TASK TO COMPLETE: Set down precisely the lines from the line with "Five Honorary Doctorate" through the end of the material, inclusive, and no pictures.

SUPPLIED MATERIAL:
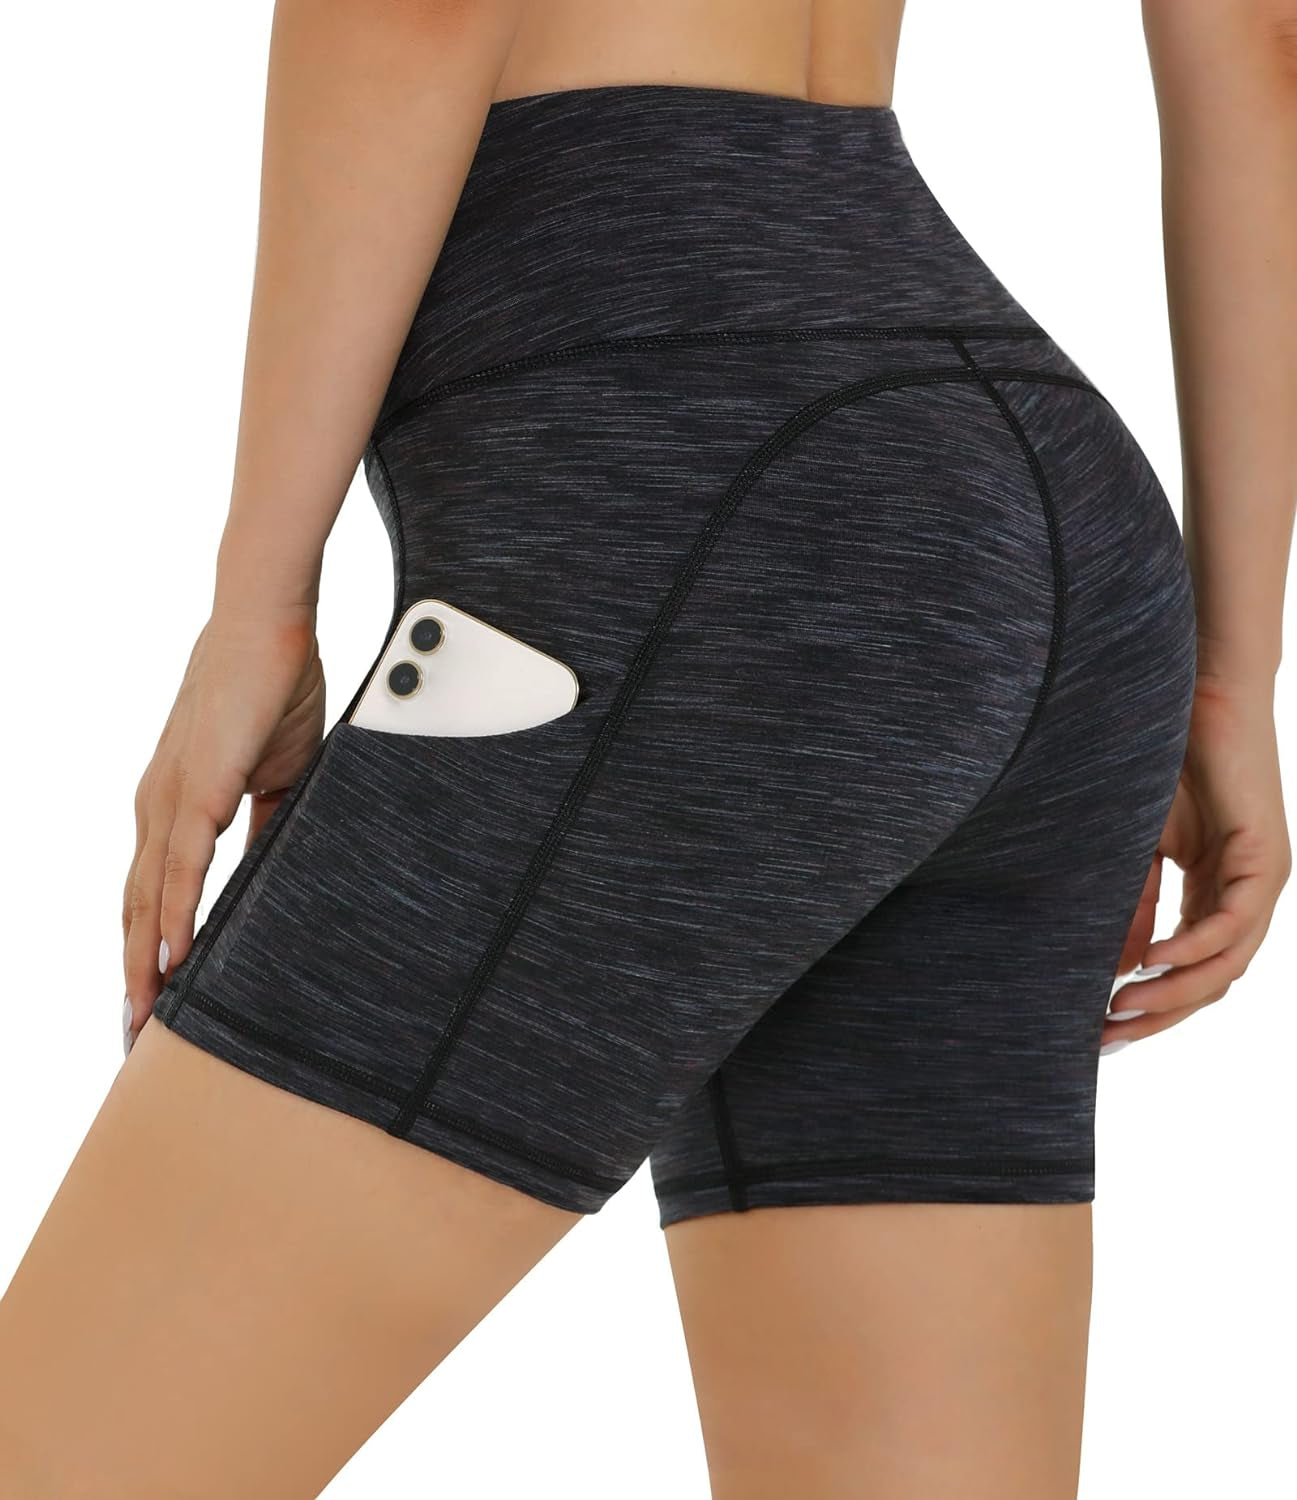 Yoga Shorts for Women with Pockets 8"/5" Biker Shorts for Women High Waisted Workout Shorts Compression Running Shorts
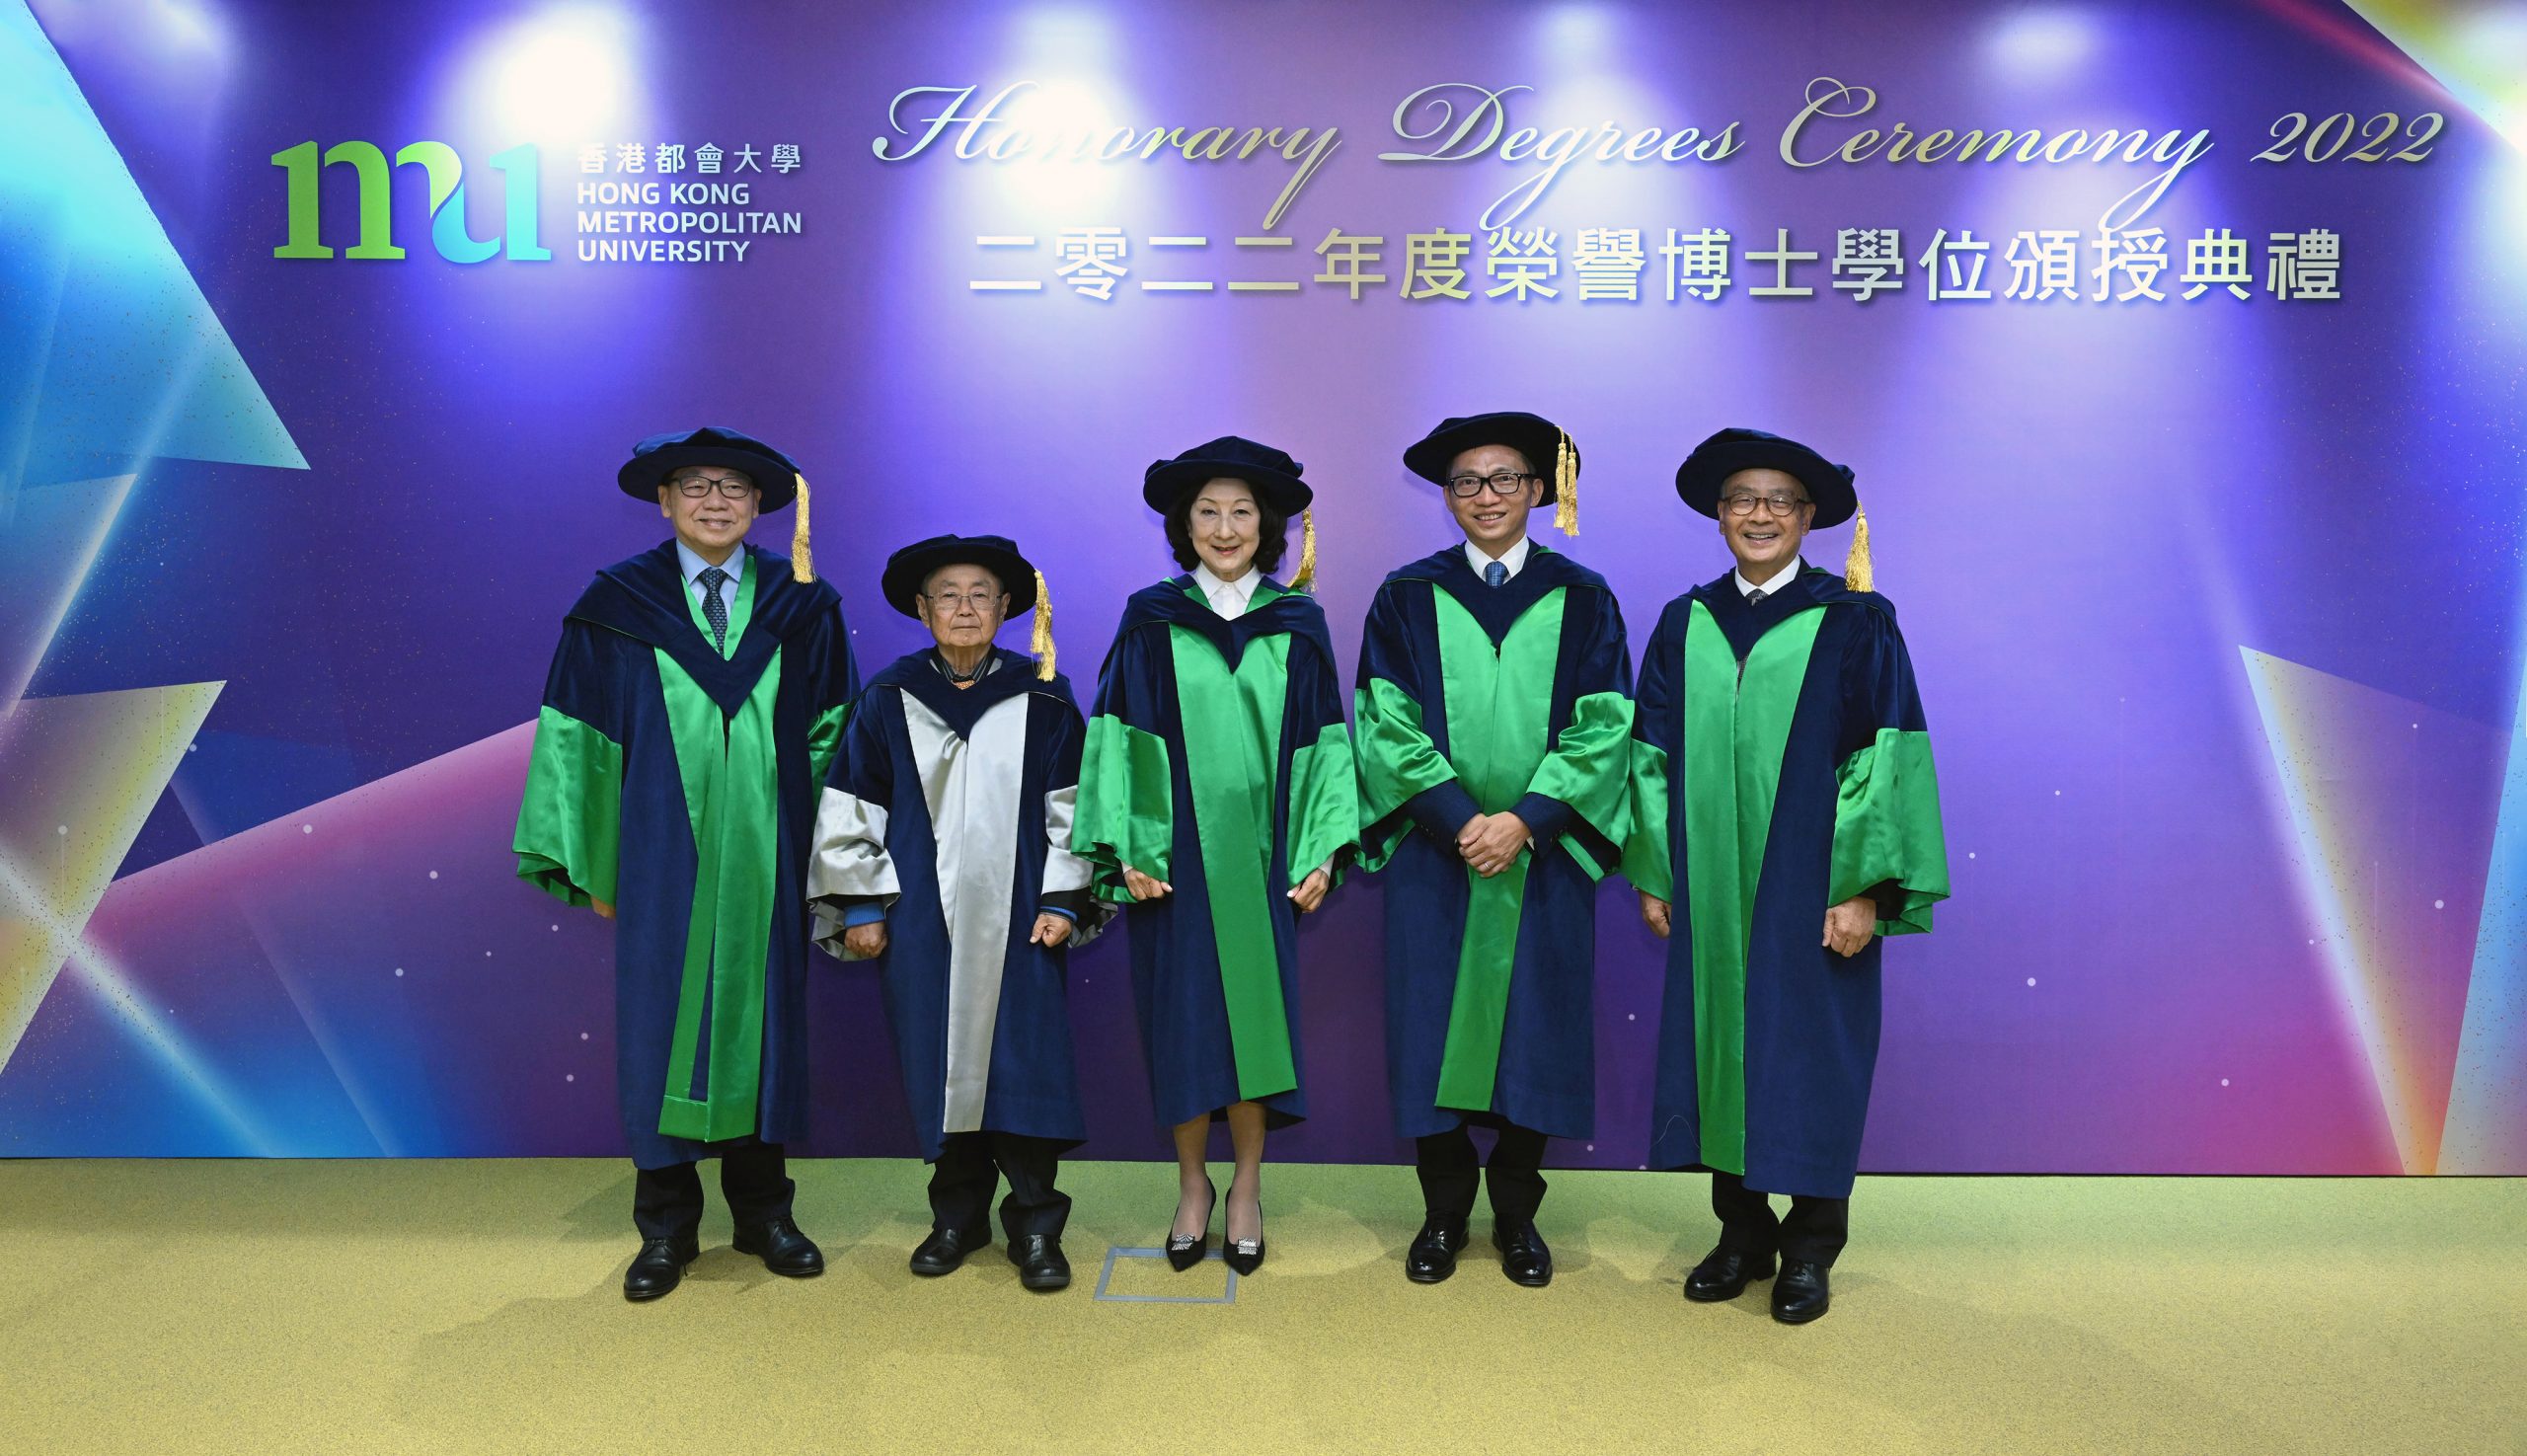 Five Honorary Doctorate recipients (from left): Mr Peter Wan Kam-to, Prof. Joseph Ting Sun-pao, Ms Katie Shu Sui-pui, Dr Charles Chen Yidan, and Mr Chan Ka-kui.
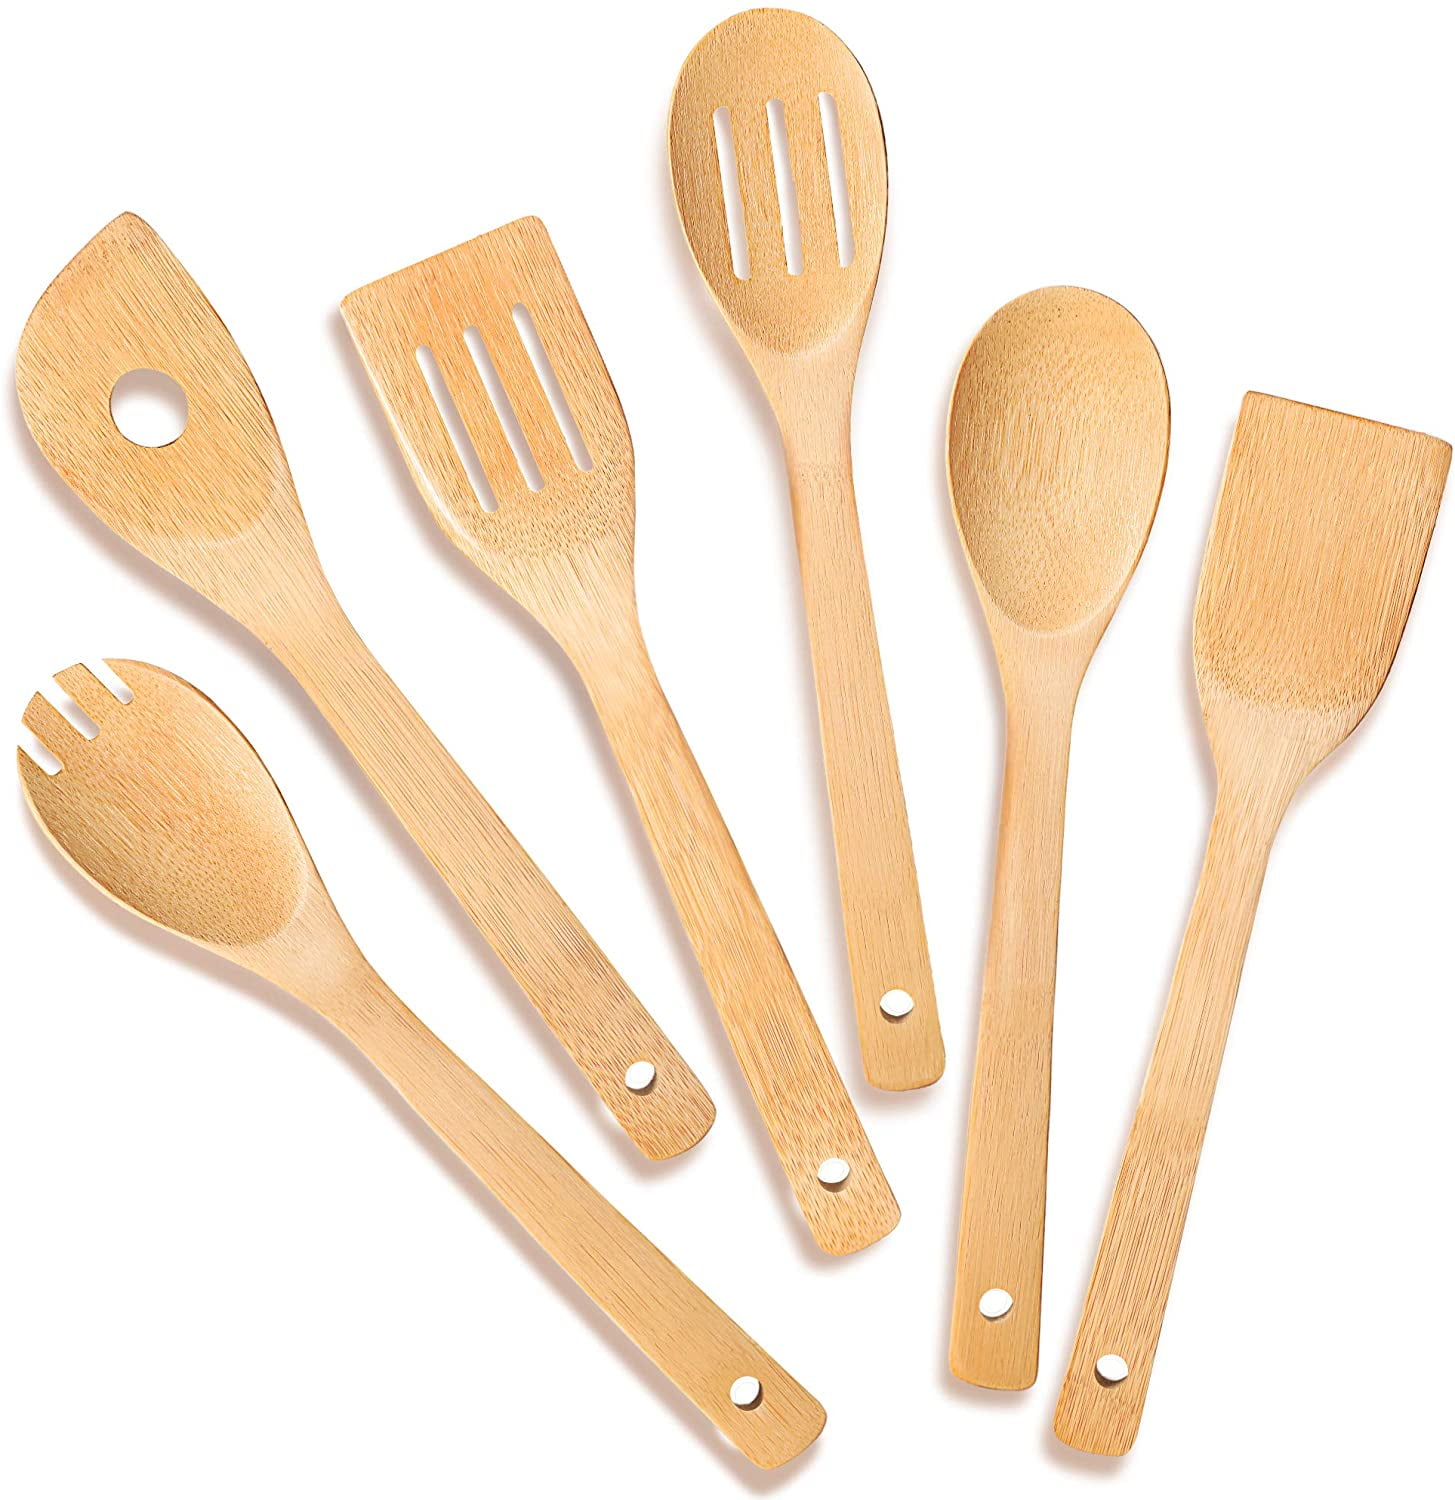 6 Piece Bamboo Kitchen Cookware Tool Set Spoon Spatula Turner with Holder Wooden Cooking Utensils Set Tools 
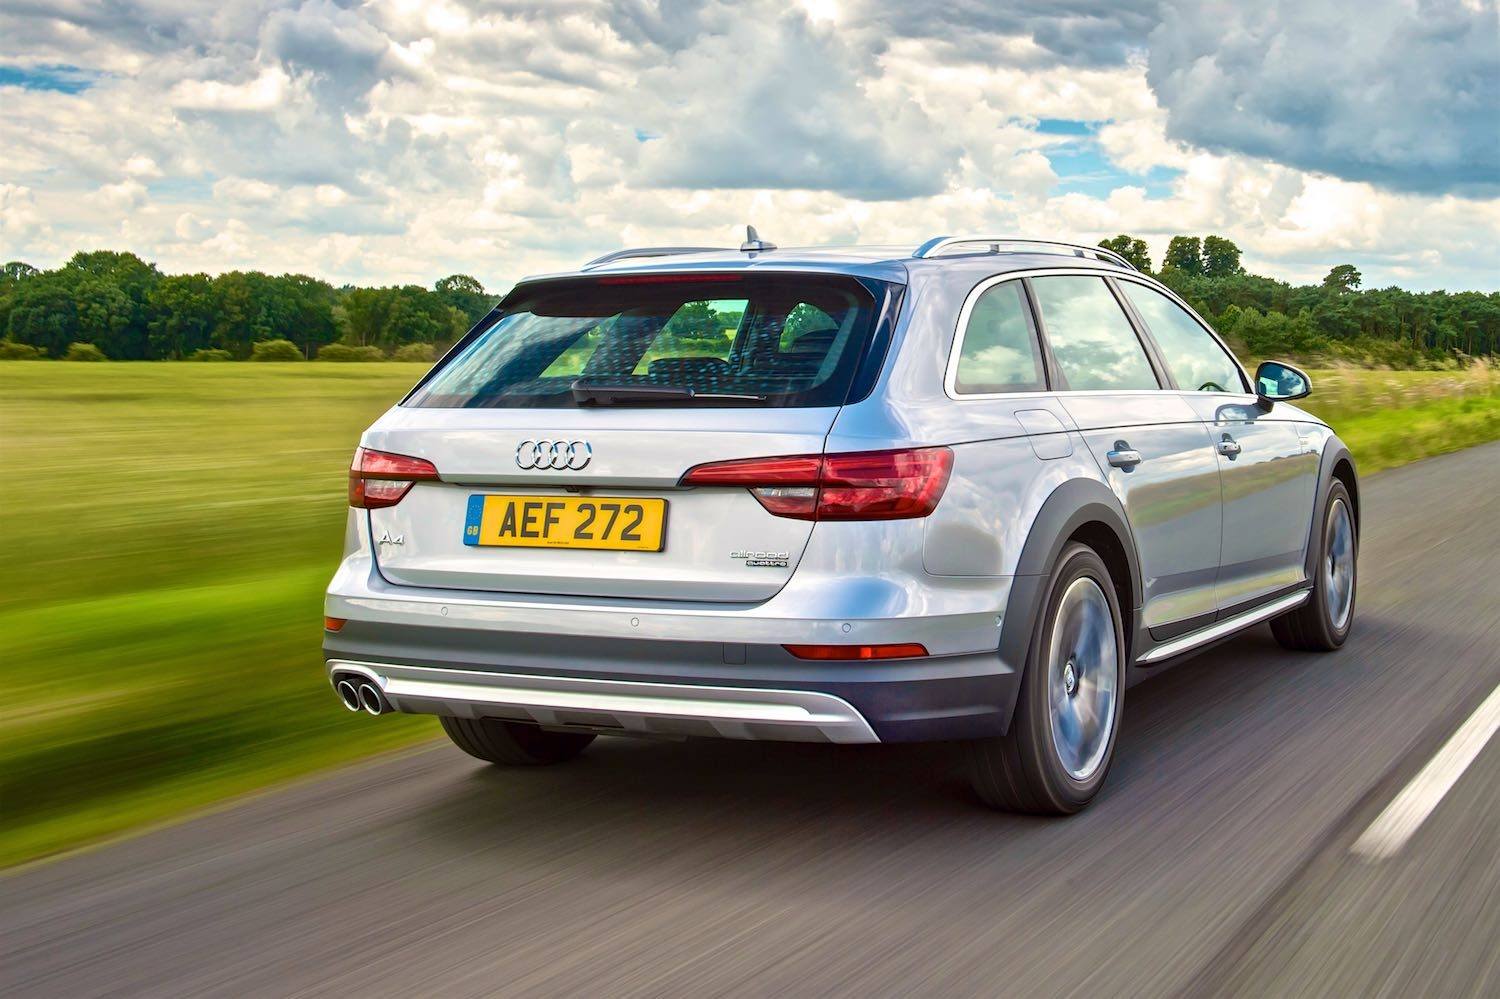 2016 Audi A4 allroad quattro reviewed by Tom Scanlan for Drive

RESULT OF THIS EXERCISE:
 Five Honorary Doctorate recipients (from left): Mr Peter Wan Kam-to, Prof. Joseph Ting Sun-pao, Ms Katie Shu Sui-pui, Dr Charles Chen Yidan, and Mr Chan Ka-kui.
 6 Piece Bamboo Kitchen Cookware Tool Set Spoon Spatula Turner with Holder Wooden Cooking Utensils Set Tools 
 2016 Audi A4 allroad quattro reviewed by Tom Scanlan for Drive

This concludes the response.